QUINN: We started using it two years ago when a lot of these things were not available. And we have a few things, a few design decisions we made with our application that made things easier for us. We actually don't need to store a lot of state.

So when you go on Sourcegraph, and you mouse over something, and you see a hover, that's actually being served in real time from a language server process running somewhere in our Kubernetes cluster. So not a lot of state, and the tiny amount of data that we do need to store, it's either one index around cross-browser references or just a cache.

So we have our web server front-end process running. That has GraphQL and WebSocket APIs. The WebSocket one is for the language server protocol. We have a proxy that the web server will send a language server request to.
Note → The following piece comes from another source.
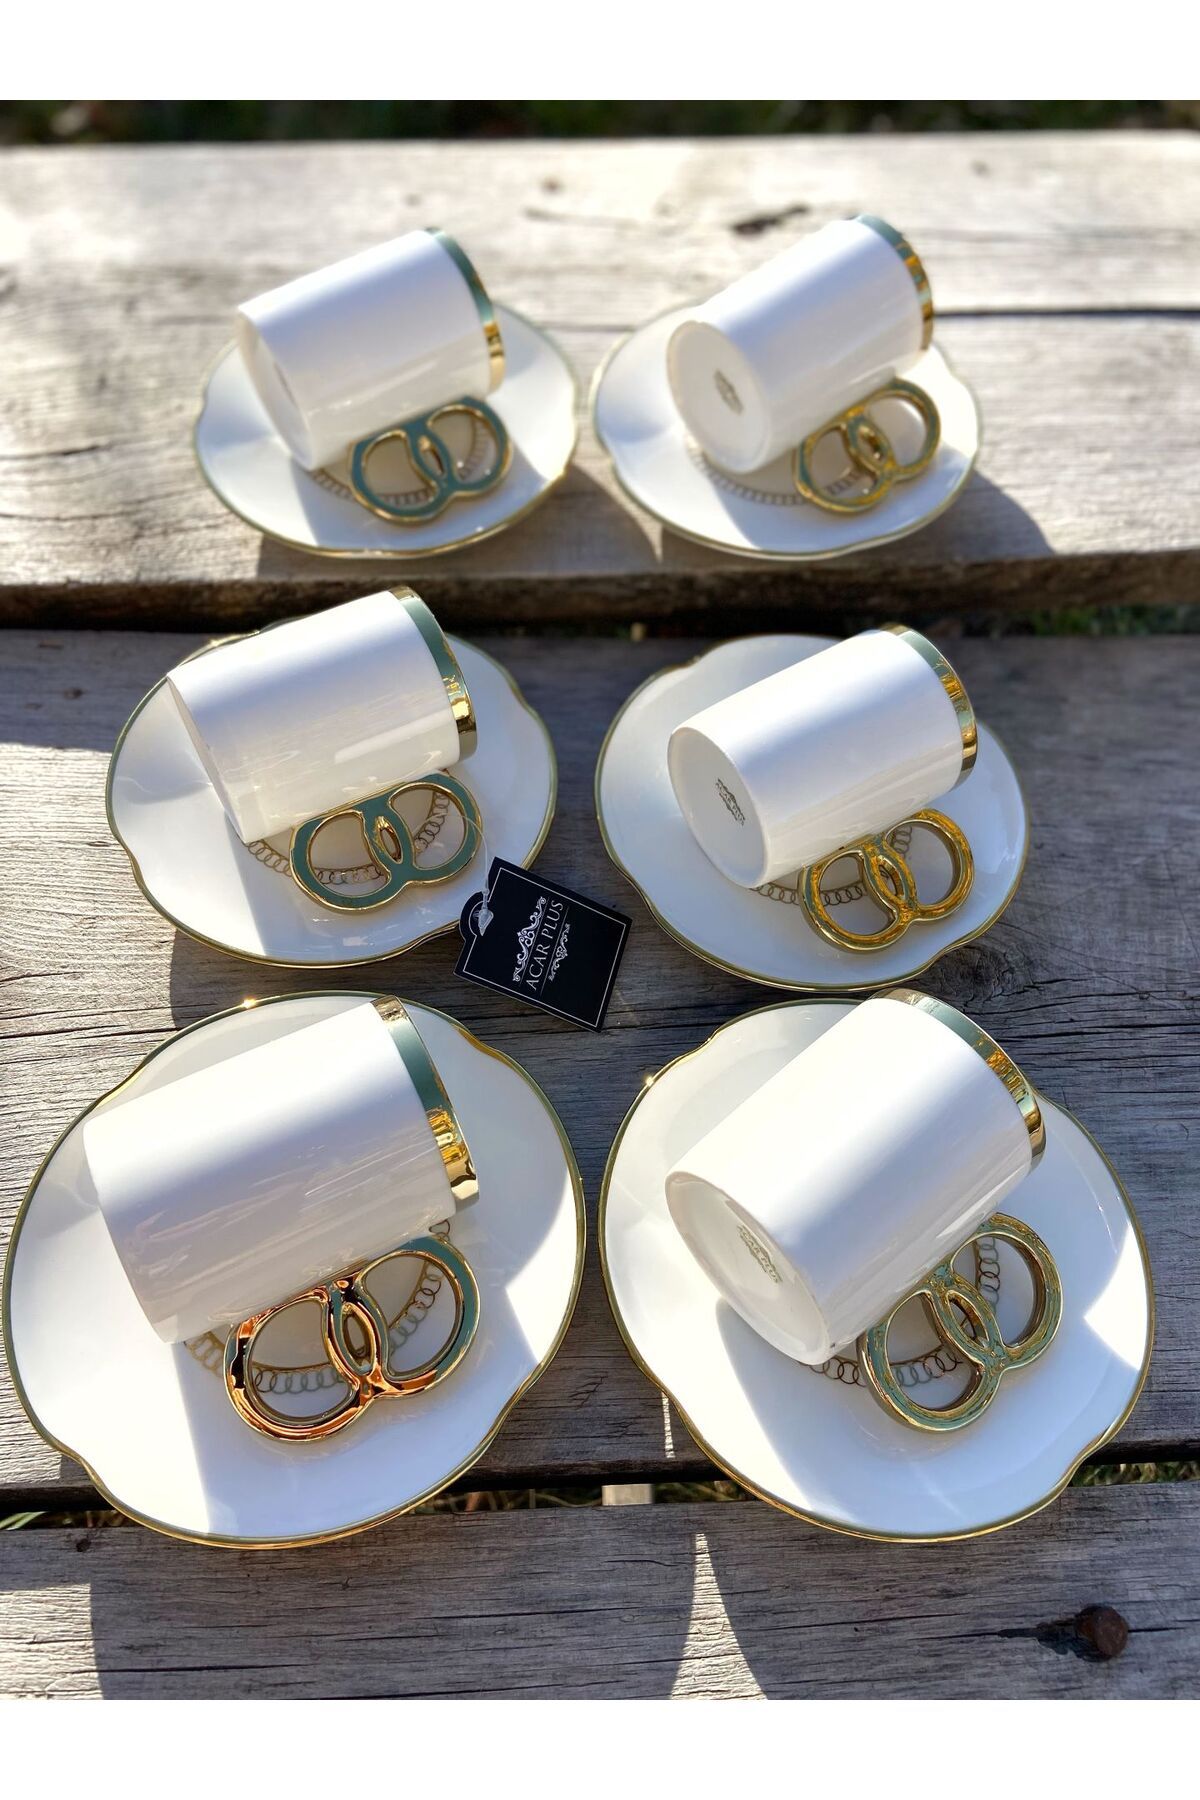 Evimin Eşyası Acar İnfinity Beyaz Renk 6 Kişilik Porselen Türk Kahvesi Fincan Seti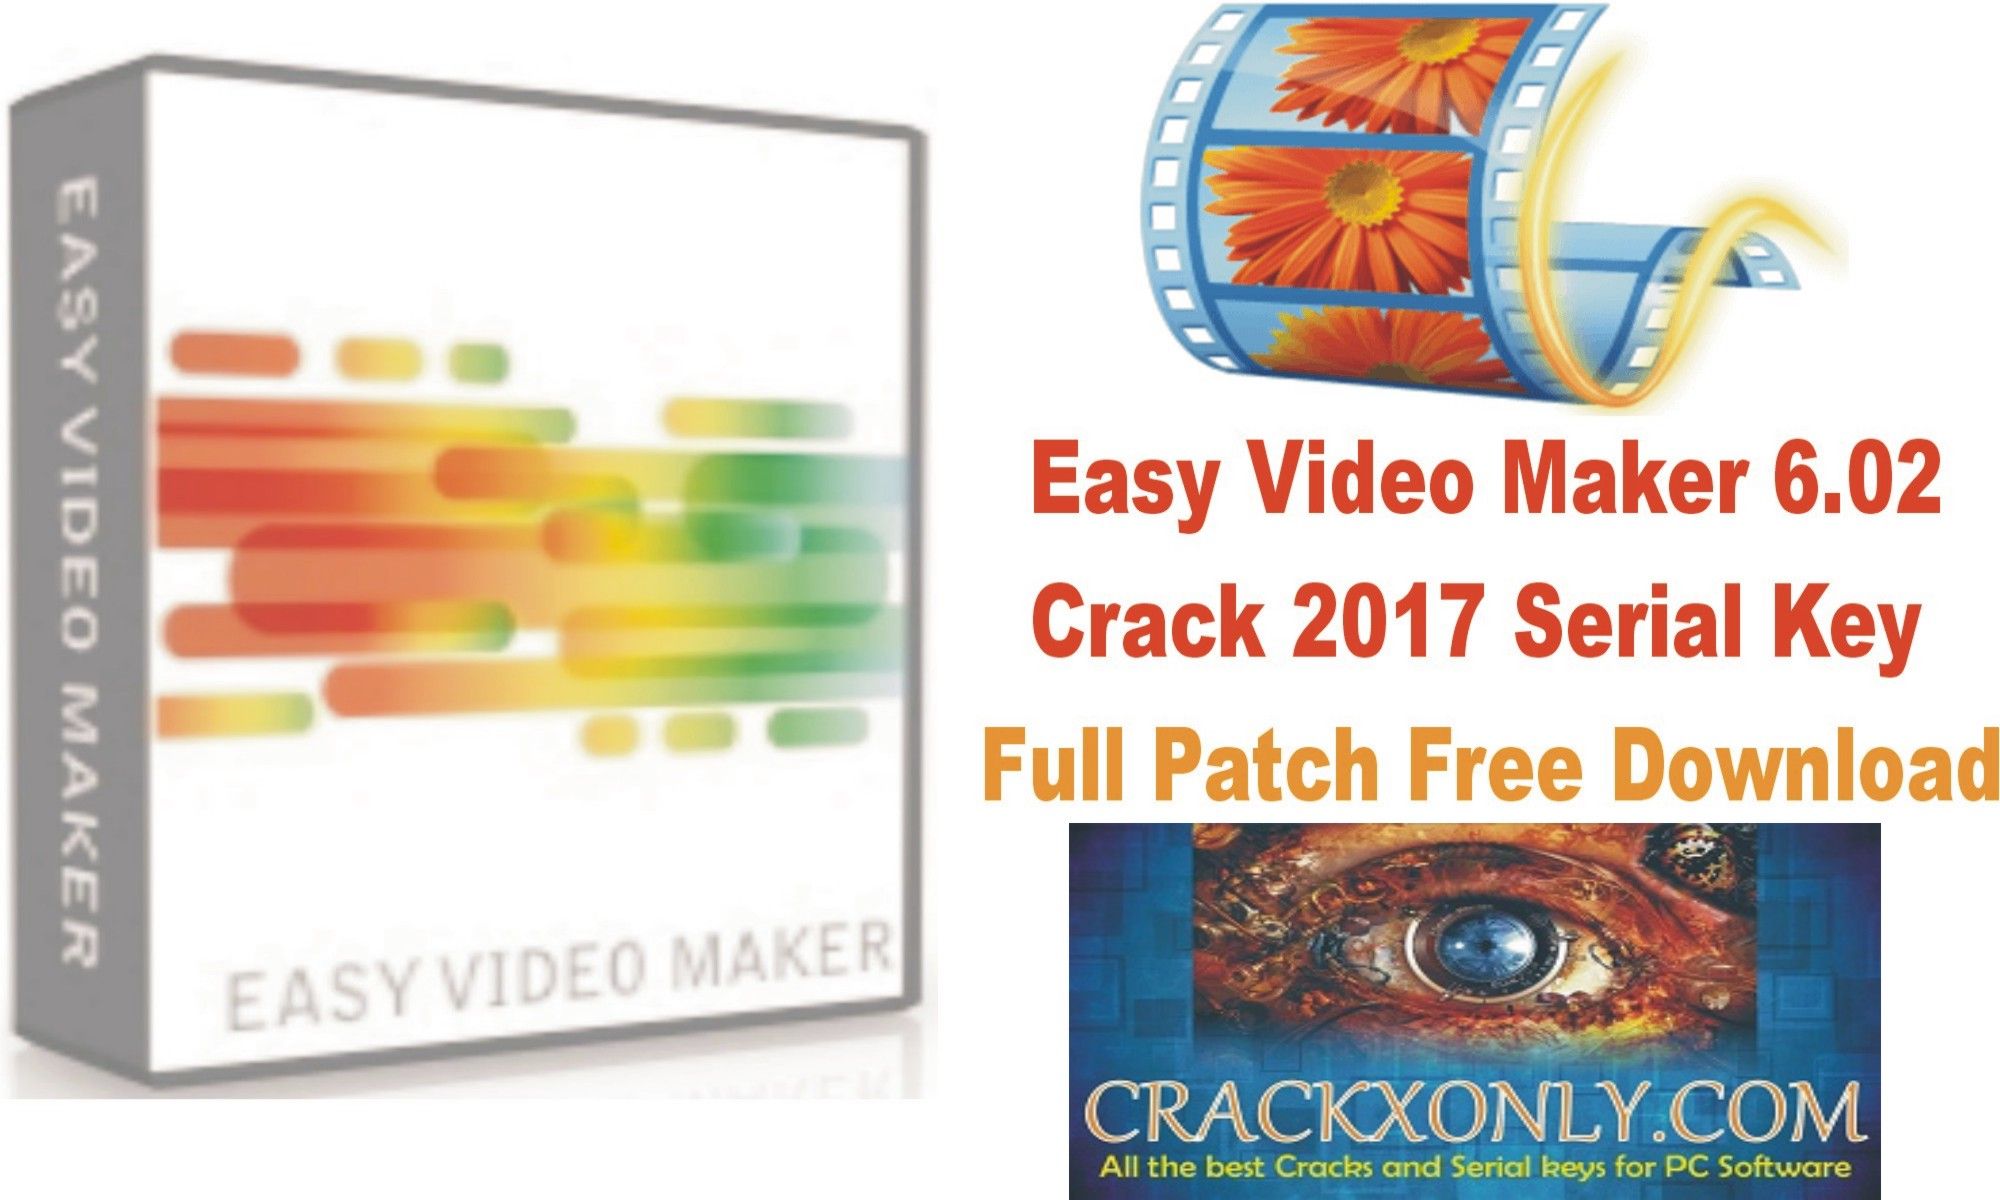 Easy Video Maker Serial Key

And then, the proxy will figure out, do I need to spin up another Go process or Go server to serve that? And then, it'll send it to one of the language server back-ends. And that will fetch all the repo data from our Git server, also running in the same cluster in Kubernetes. And it'll do all the language analysis, whether that's in Go, or Java, or TypeScript, or Python, or C#, or whatever. And it'll return back through the WebSocket and back to the client.

FRANCESC: Cool, so I'm wondering-- you mentioned that you like Kubernetes partly because it's written in Go. Is Sourcegraph also written in Go?

QUINN: Oh yeah. From day one, we wrote Sourcegraph in Go. And initially, we chose Go because Sourcegraph is something that understands source code. And Go has amazing libraries, even in the standard library, for understanding its own source code. So it was the natural choice. And we also had been coming-- my co-founder and I-- from jobs where we were writing other languages, which will not be named.

And Go is really nice to start working in. And since then, we've grown to other languages. We still love Go. We still write all of our stuff in Go. But we have customers and users across a bunch of different other languages. And generally, when we write the Python language server, we'll do that in Python. So we are polyglot. But we have a special place in our heart for Go.

FRANCESC: And I guess that that's also one of the benefits of running on Kubernetes is, no matter what language you have, you put it in a Docker container, and then you're ready to go.

QUINN: Yeah.

FRANCESC: Nice.

QUINN: Yeah, so I want to talk about the business reasons too for Kubernetes.

FRANCESC: Oh, go for it.

QUINN: Because I've got to think about both. And our product is obviously loved by a lot of people and open source. But it is for companies. It is for companies with a lot of code. And for those companies, it is important to them that their code stays secure. It's important that they run a lot of their core services in their own infrastructure. And it is a really important business decision for us how we deliver our software to these customers.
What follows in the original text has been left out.